#### [Problem]
Go to the line containing "Outdoor Cooking Centers(BSO4501-EBK-OOO-000)" in the material below. From there to the end, retype every line exactly and drop the pictures.

#### [Material provided]
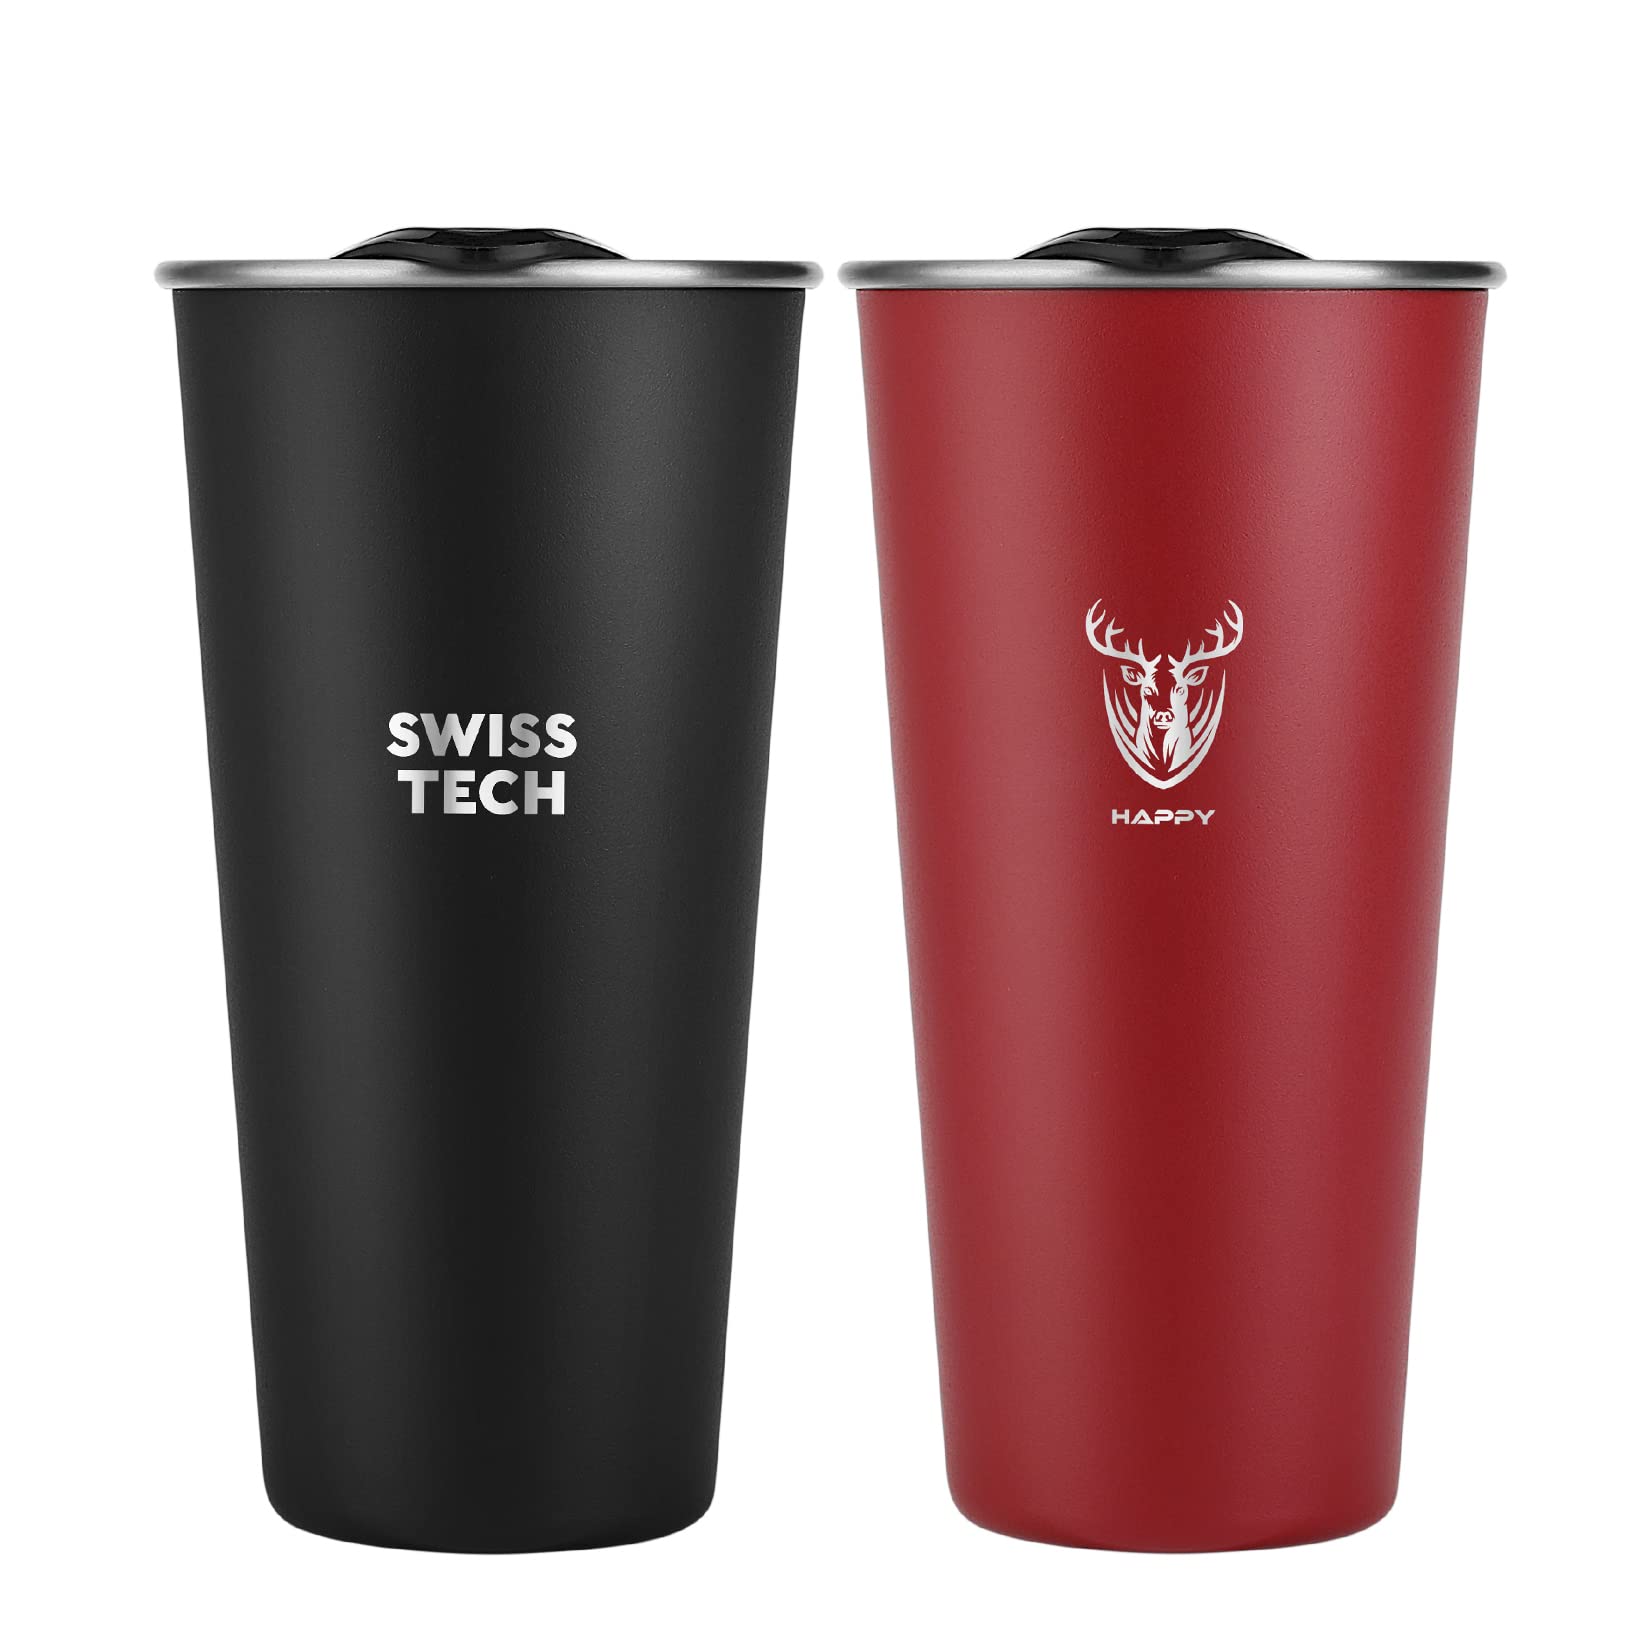 Swiss+Tech 16oz Double Wall Stainless Steel Cups with lids, 2 Pack
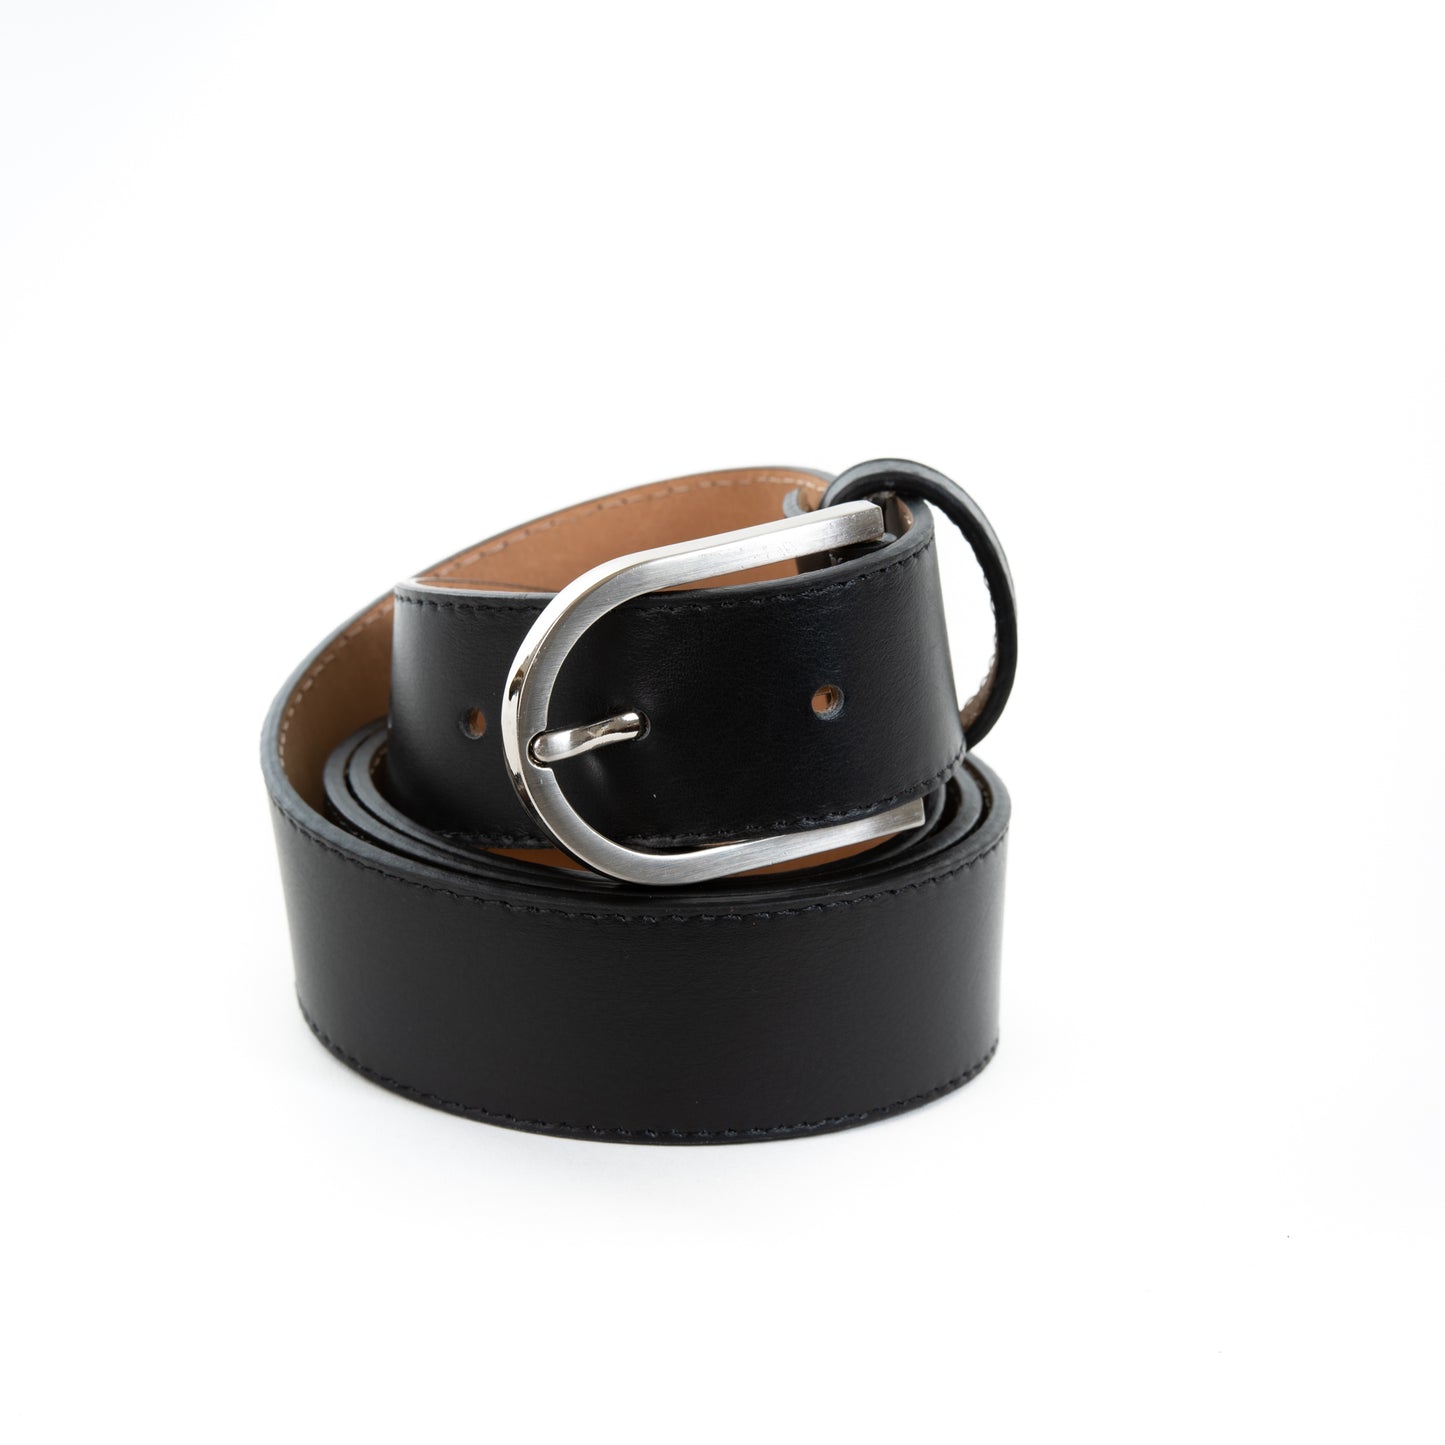 Navy Real Italian Leather Wide Belt Pack of Two - Amilu
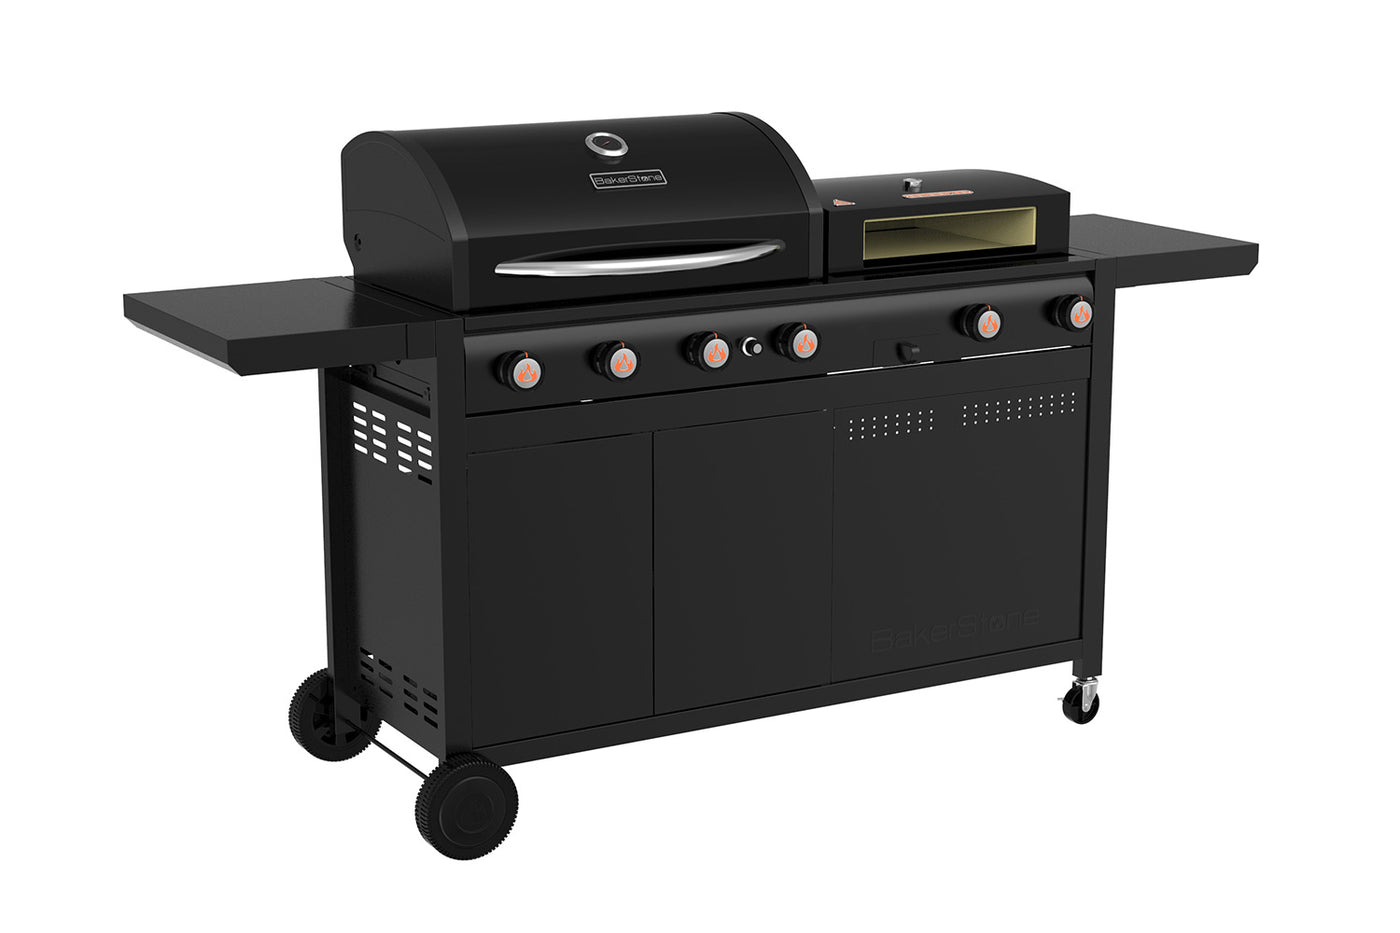 Outdoor Cooking Centers(BSO4501-EBK-OOO-000)
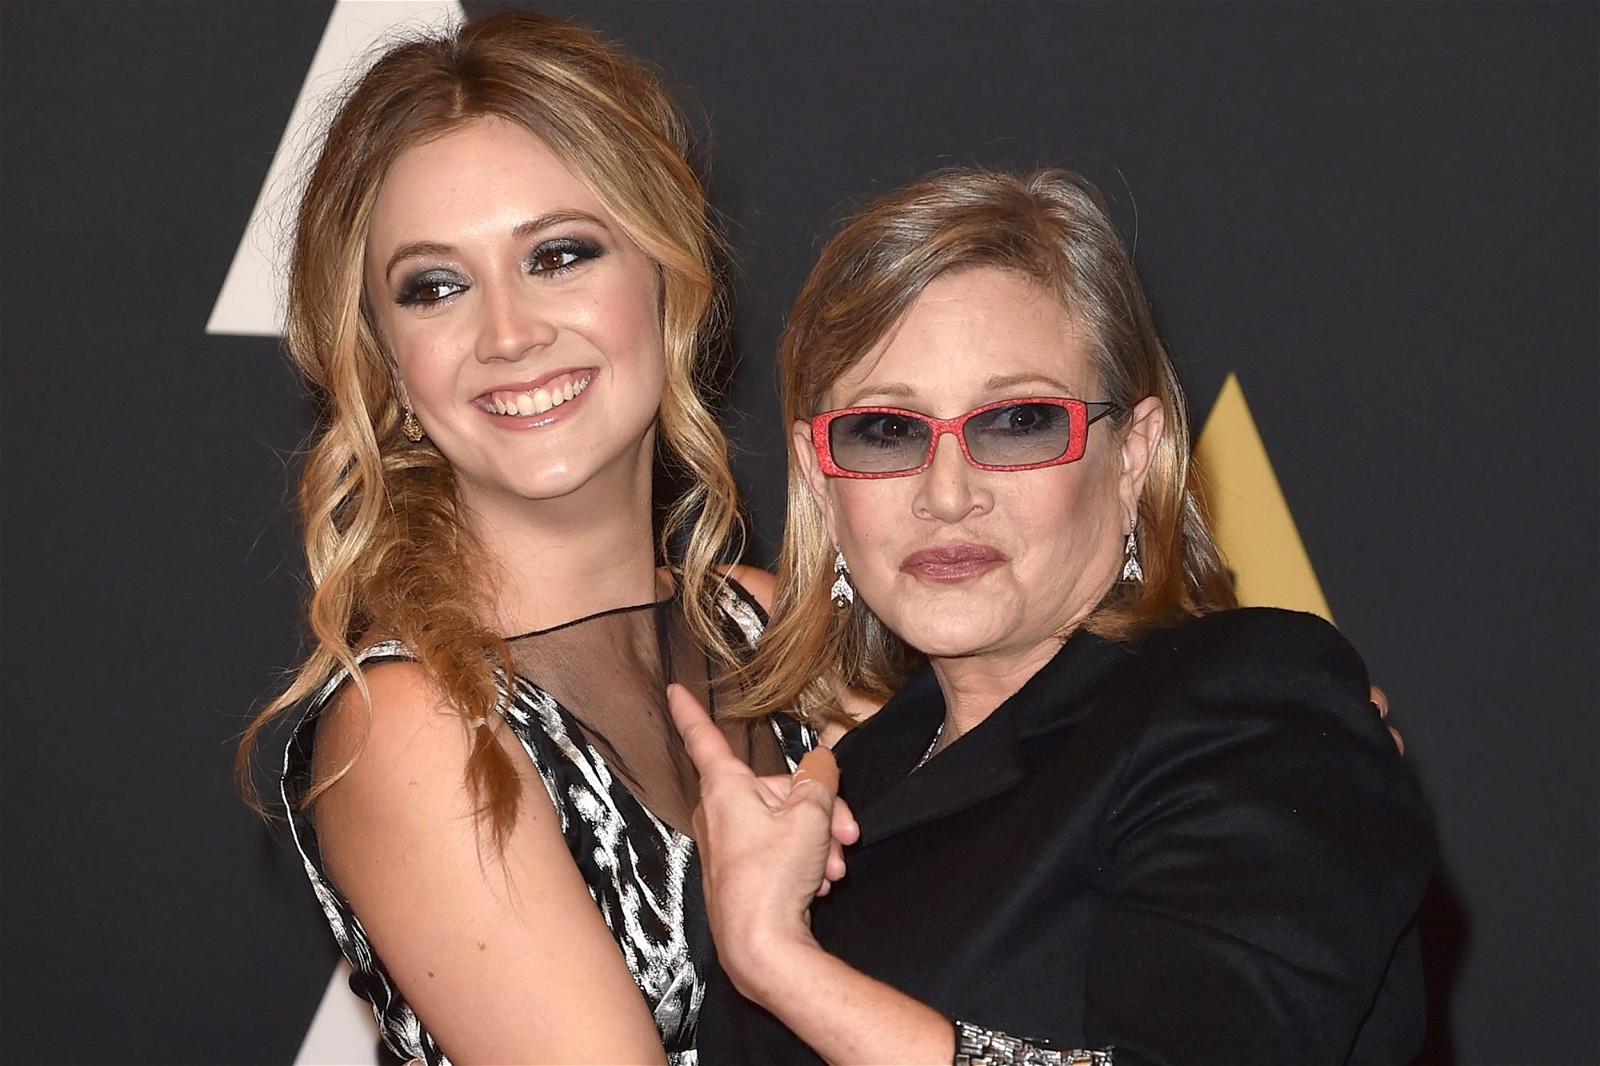 Billie Lourd and her mother Carrie Fishers

#### [Exercise answer]
 Outdoor Cooking Centers(BSO4501-EBK-OOO-000)
 Billie Lourd and her mother Carrie Fishers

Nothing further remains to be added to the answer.